Cependant, comme il est pratiquement impossible de pratiquer une critique approfondie d'un avis si on n'a pas soi-même de connaissances scientifiques ou si on ne dispose pas de temps pour se faire une idée, on demande que l'avis soit rendue de façon à ce que l'étude ait les apparences de l'impartialité. Il ne peut s'agir de demander que les experts n'aient d'attaches avec personne: si c'était le cas, ce ne seraient sans doute pas des experts de leur domaine. De même, on ne peut pas réclamer que les experts n'aient pas exprimé d'avis sur la question — ou une question proche — auparavant: d'une certaine façon, c'est leur métier que d'évaluer l'ensemble des connaissances disponibles sur un sujet. Les métiers techniques et scientifiques réclament souvent de savoir reconnaître les évènements qui changent une situation et donc son jugement sur la question. Prétexter que les experts aient déjà rendu un avis — qui va dans le sens contraire à ce qu'on souhaiterait — pour les disqualifier, c'est de fait mettre en cause leur honnêteté et leur capacité à accomplir leur travail d'expertise. Le nombre d'experts dans un domaine donné n'est pas non plus extensible à l'infini, ce qui fait que ce sont souvent les mêmes personnes qu'on va retrouver lors des expertises, non du fait d'un quelconque complot mais à cause des conséquences de la spécialisation des experts. C'est pourquoi les arguments de Corinne Lepage sont particulièrement infondés. Dans bon nombre de domaines, les normalisateurs — au sens de ceux qui écrivent les normes — sont des spécialistes du domaine, qui ont évalué les différentes technologies, voire qui ont créé la technologie qui est normalisée. On ne peut pas dire que le monde s'en porte si mal! De même, réclamer un changement d'auteur de l'avis parce que cet avis allait dans le sens contraire à un nouveau papier est un non-sens: l'auteur de l'avis est d'abord censé écrire l'avis de l'ensemble des experts consultés et être capable d'incorporer les informations nouvelles.

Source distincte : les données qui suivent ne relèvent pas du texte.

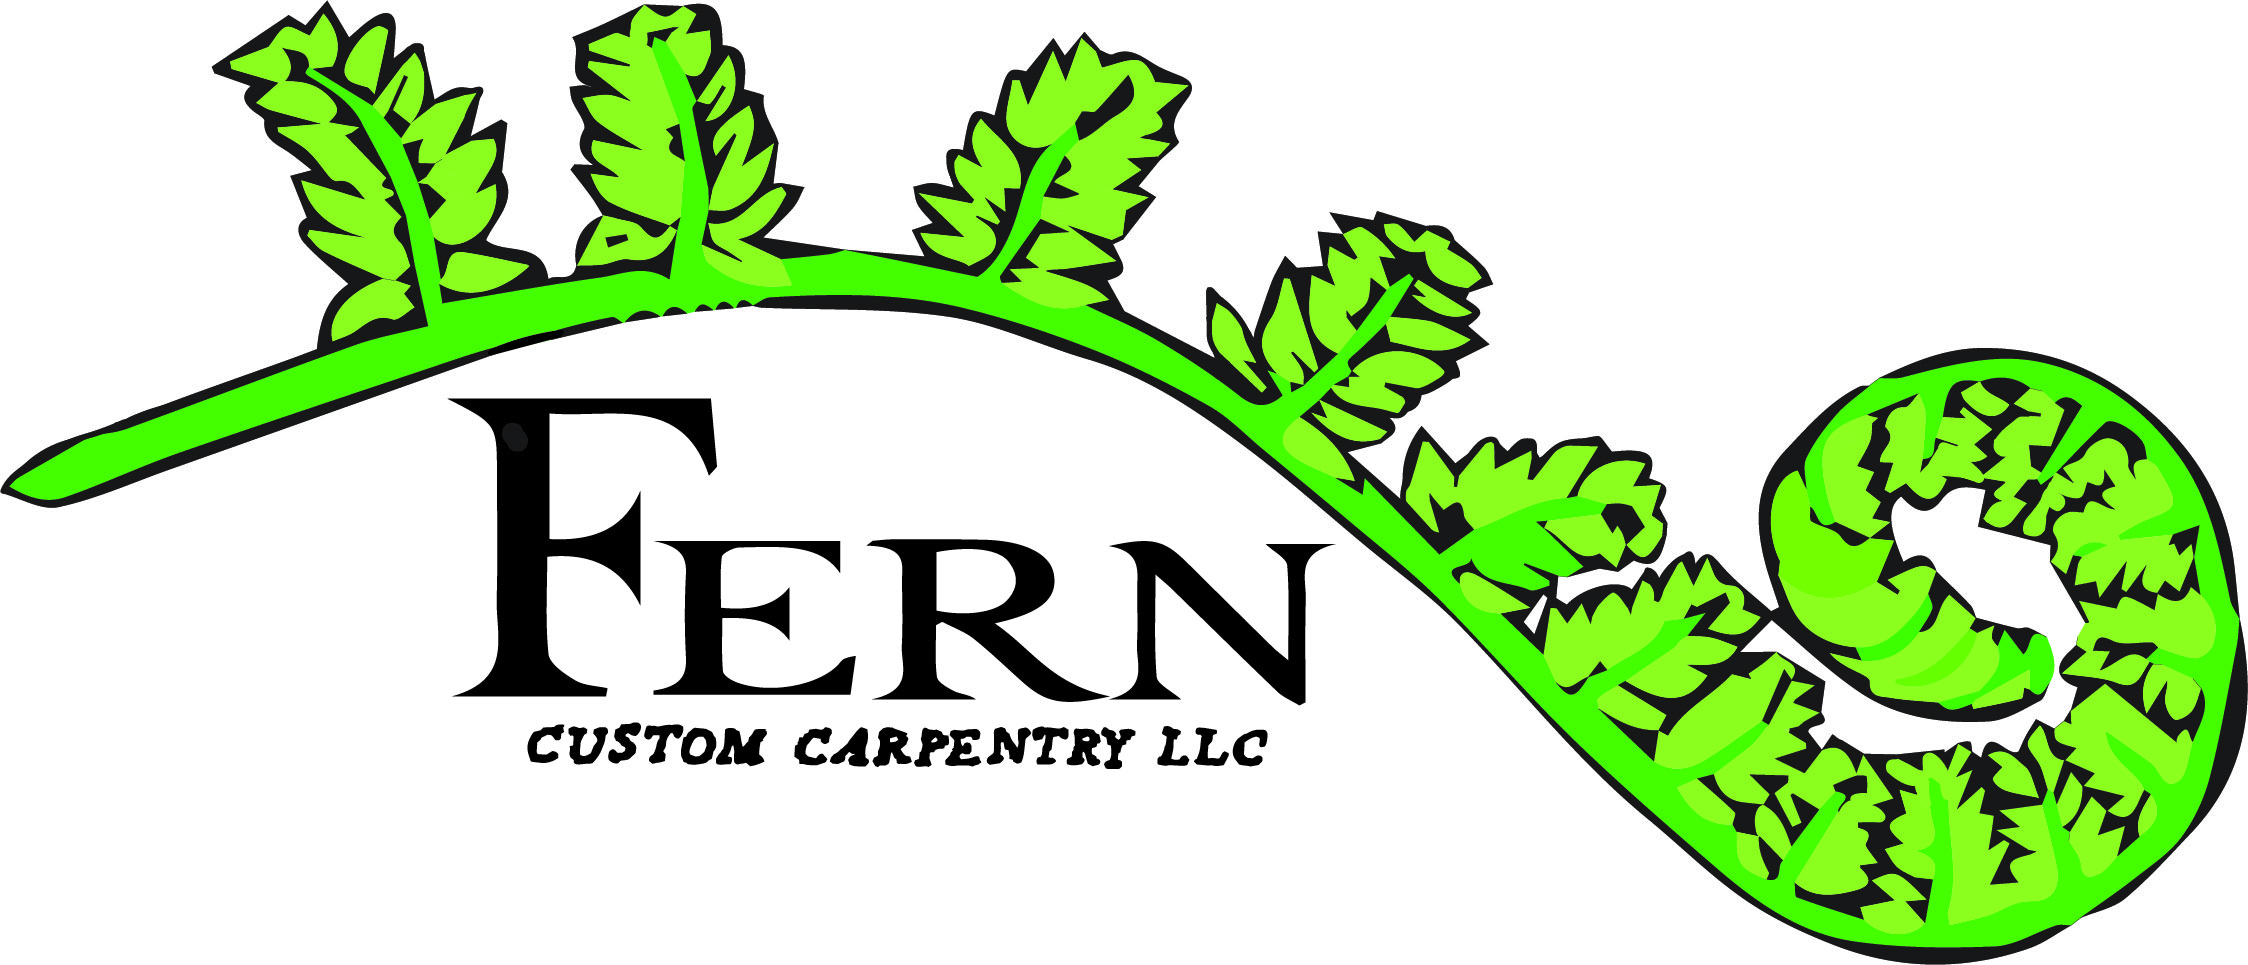 Fern Custom Carpentry, LLC Logo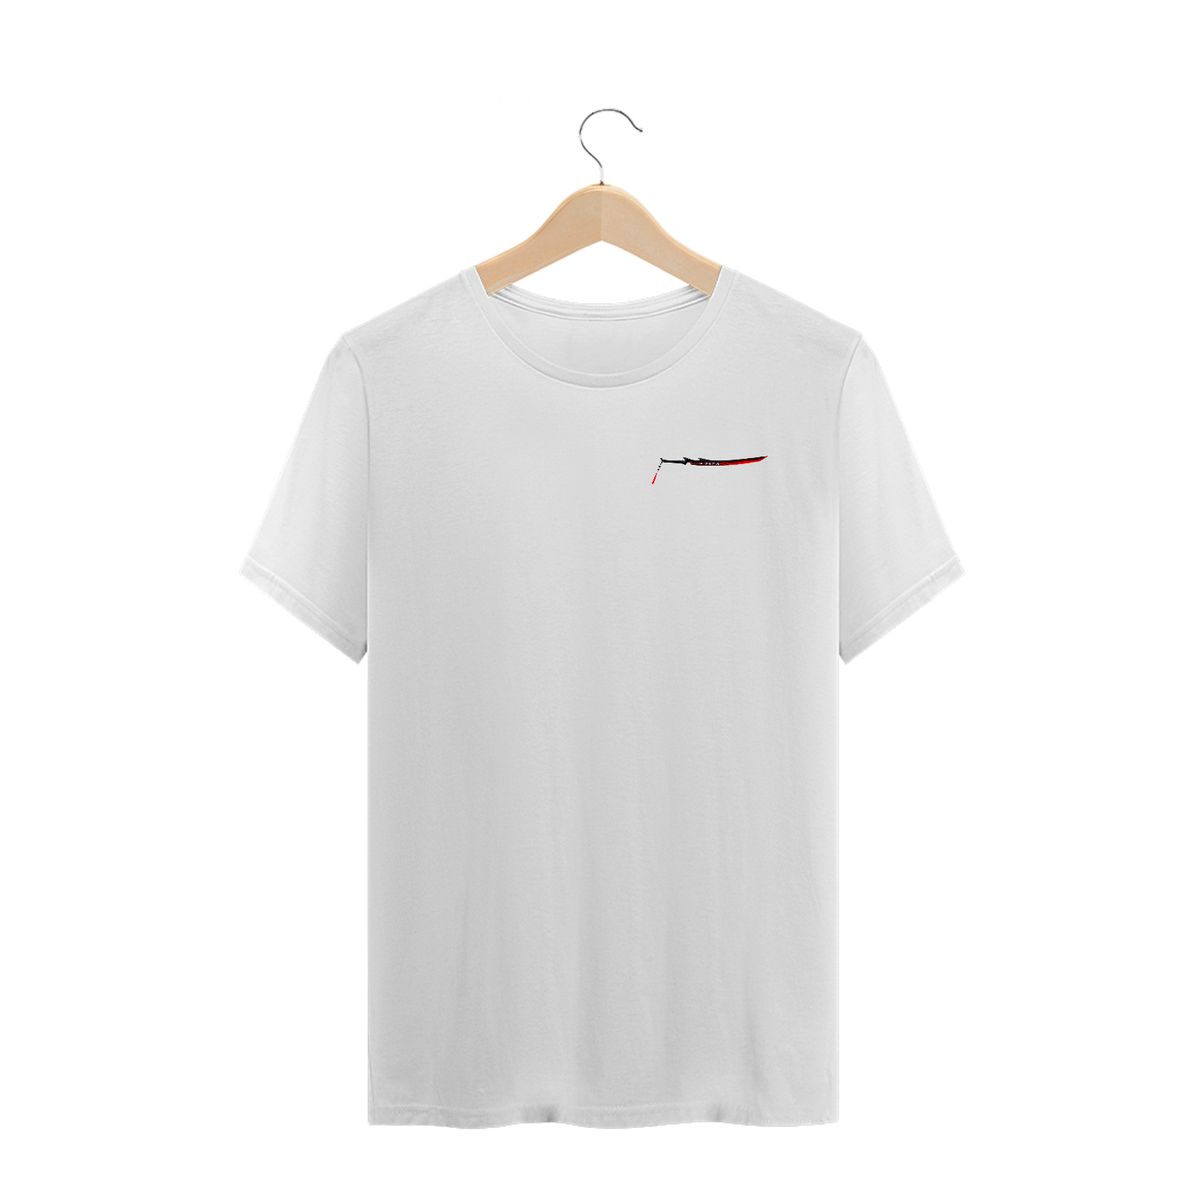 Nome do produto: Camiseta Yone Desenho - Branca

En fait, ces déclarations ne visent qu'à marquer des points dans l'opinion publique. Le reproche principal fait à l'EFSA est de n'être pas d'accord avec Séralini et Corinne Lepage, non d'être face à un quelconque conflit d'intérêts. Il s'agit de s'attaquer à la crédibilité de ceux qui ne sont simplement pas d'accord avec soi, d'avoir le loisir de choisir par qui on est critiqué, de ralentir les procédures d'autorisation et d'empêcher l'innovation d'émerger par suite de coûts de commercialisation trop importants. C'est la tactique classique qui a été déployée avec succès pour empêcher la culture des OGMs en France. C'est aussi une tactique qui est malheureusement très présente dans le champ de la politique et c'est une des raisons qui conduisent à demander des expertises. Il semble donc bien que la parution du papier soit surtout l'occasion d'une exploitation politique par les détracteurs habituels des OGMs. Il montre aussi une nouvelle fois qu'ils cherchent à pirater les institutions et les procédures mises en place dans le cadre du principe de précaution pour faire avancer leur cause, sans égards pour les faits. C'est la principale faiblesse du principe de précaution: pour que ces institutions fonctionnent bien, un minimum de bonne foi est requis et ceux qui cherchent simplement à marquer des points peuvent s'en servir pour faire campagne sans avoir à en souffrir.